Structure Before Selection. Design the conversation before you begin it. The same models produce fundamentally different outputs depending on how they are set up - whether they can see each other's answers, whether you have asked them to surface assumptions, whether you have built in adversarial challenge. Also in the Field Guide.

The adversarial skeptic standing instruction. Ask Claude to be a skeptic as a standing mode for high-stakes work - not a one-time prompt but a consistent posture. When it articulates the opposing view and then dismantles it, you have mapped the real terrain. If it can argue both sides of a question, that is more useful than a polished answer from one direction.
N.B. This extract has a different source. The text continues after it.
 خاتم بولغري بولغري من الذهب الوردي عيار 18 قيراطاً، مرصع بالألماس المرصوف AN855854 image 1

Always read your markdown before you use it. The markdown handoff captures what the model believes are the key elements of the conversation - including errors, misattributions, and drift that accumulated along the way. It is editable. Correct what is wrong before seeding the next conversation with it.

Living Reference

Participant Technique Field Guide

Updated through Module 5. Two new entries from the Thor Matthiasson cross-cohort session: the Deliberation Threshold and Structure Before Selection.

View Field Guide →

You Do Not Get to Stop Thinking

These tools are easy to use, and that ease is the risk. The model wants to please you. It will explain anything confidently. It will agree when you push back. It will produce something that looks finished when it is not. The friction you build into your own workflow - the review step, the cross-model check, the adversarial pass, the markdown read - is not bureaucracy. It is the difference between a tool and a crutch.
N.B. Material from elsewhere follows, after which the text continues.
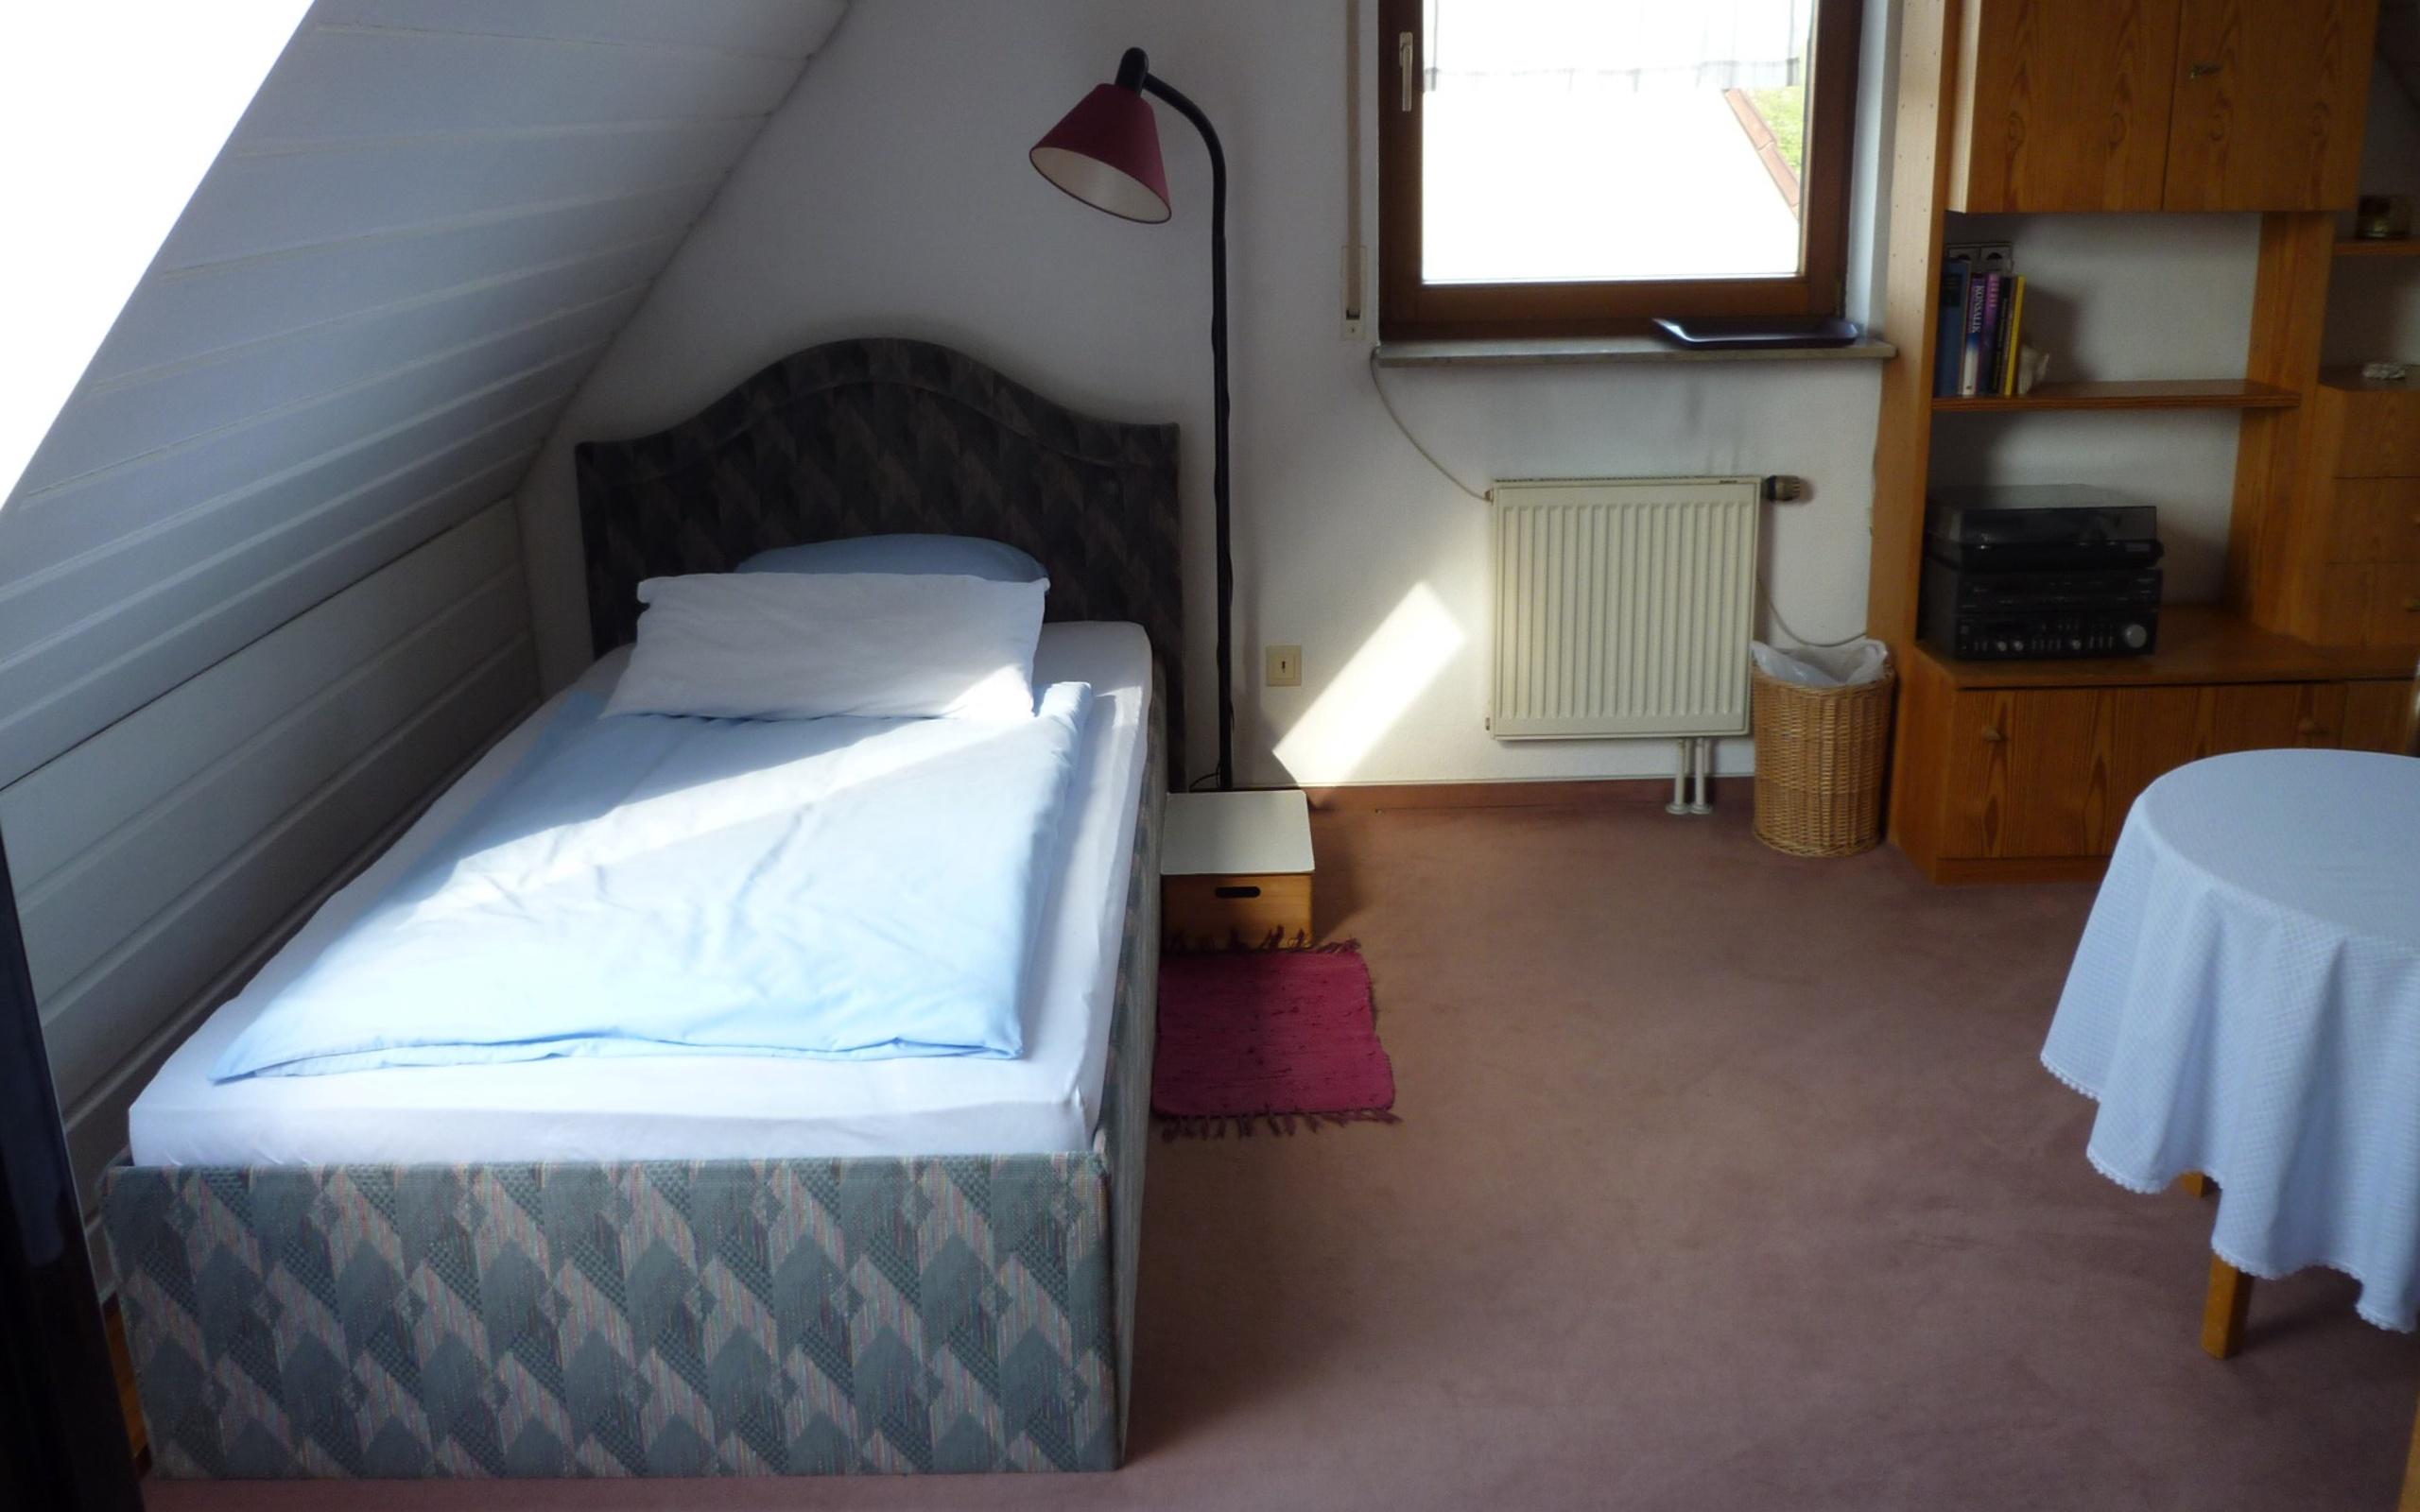 Full Size of Günstiges Bett Gnstiges Groes Mbliertes Zimmer In Stuttgart Sillenbuch Ruf Betten Preise 120x190 Möbel Boss Hohes Jugend Mit Stauraum 140x200 Nussbaum Futon Bett Günstiges Bett

A crutch does the work for you. A tool makes you better at doing it yourself. The goal has always been the second one.

Module 6 Homework

Cross-Model Validation

Perform a cross-model validation of one real piece of work before next session. Run the same question or output through two models independently before comparing. If you want to stress-test the process, introduce one intentionally weak claim in your initial output and see if the second model catches it - the way Thor's panel caught the Henderson-Matsumoto fabrication. Document what the models agreed on, what they disagreed on, and what the disagreement told you that a single model would not have.

Come to Module 6 with a two-to-three sentence group project idea. The constraint: the problem needs to be one you can describe without disclosing data, client information, or internal context your organization did not authorize you to share.